My understanding of a docker-volume is that it is some storage on my local machine, which different docker containers running on my local machine as well, can access.
I have used a docker-compose.yml to create a docker container running a postgres database. I specified the volume path as 'postgres:/var/lib/postgresql/data'. This seems to be a Linux path, however. I assume that Linux is the OS running in my container and somehow docker knows where to look for the actual data on my Windows machine. Can someone tell me what would be the Windows path to this volume file?
I have specified the name of the volume as 'postgres'. When I list the existing volumes on my local machine using 'docker volume ls', however, I can only see one named volume called 'docker_postgres'. I have read that docker preprends the volume name with the project directory that it is stored in. That's one of the reasons I would like to find the location of the volume on my local machine - simply because I cannot comprehend why the prefix is 'docker'.
You probably realized I don't have a broad background on docker, please help me out with an explanation!
CodePudding user response:
Can someone tell me what would be the Windows path to this volume file?

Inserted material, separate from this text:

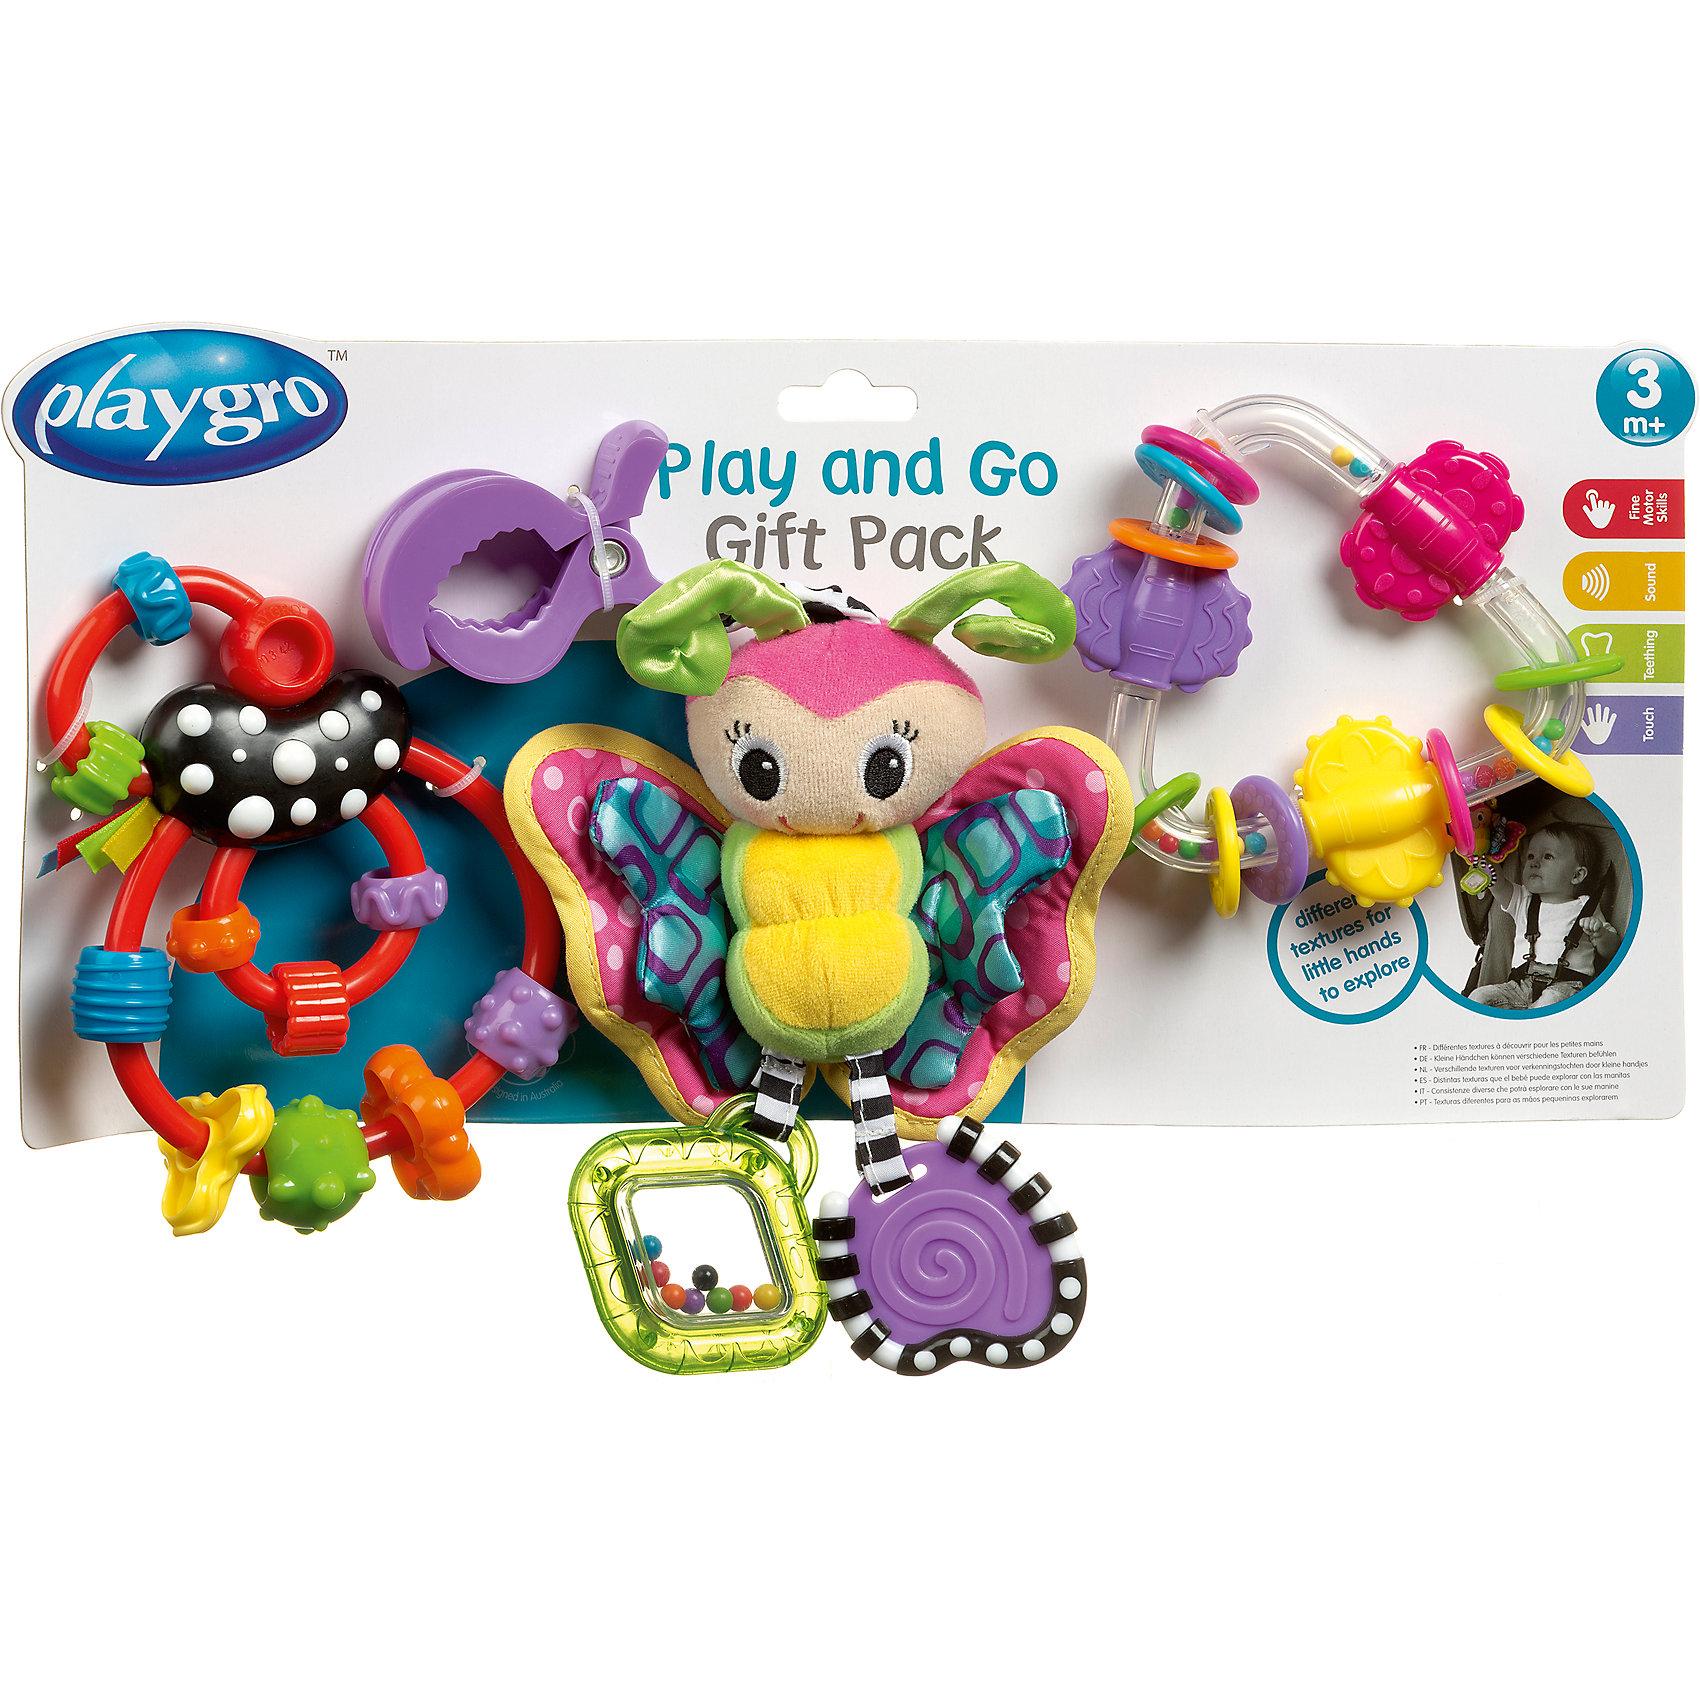 Игровой набор Подвеска + 2 погремушки, PlaygroС этим игровым набором Ваш малыш весело проведет время дома или на прогулке. В комплект входит яркая бабочка-погремушка, прорезыватель в виде треугольника, и интересный лабиринт из бусин. Прорезыватель поможет убрать боль во время роста зубов, а значит Ваш малыш будет более спокойным и счастливым.<br><br>Дополнительная информация:<br><br>- Возраст: от 3 месяцев до 2 лет<br>- В комплекте: бабочка-погремушка, прорезыватель треугольник, лабиринт с бусинами<br>- Материал: текстиль, пластик<br>- Размер: 18х33х4 см<br>- Вес: 0.25 кг<br><br>Игровой набор Подвеска + 2 погремушки, Playgro можно купить в нашем интернет-магазине.<br><br>Ширина мм: 180<br>Глубина мм: 335<br>Высота мм: 45<br>Вес г: 250<br>Возраст от месяцев: 3<br>Возраст до месяцев: 24<br>Пол: Женский<br>Возраст: Детский<br>SKU: 4779534

Yes, someone could (I can't, I don't know the internals well enough), but that would be circumventing how docker volumes are meant to be used.
If you want to access your data from outside containers, you would simply not use a named volume, but directly use a path instead of the postgres
volume name.
If you need to access the data nevertheless, mounting the volume in a container that gives your host access to the data (e.g. through SSH/SCP) is the canonical way of doing this.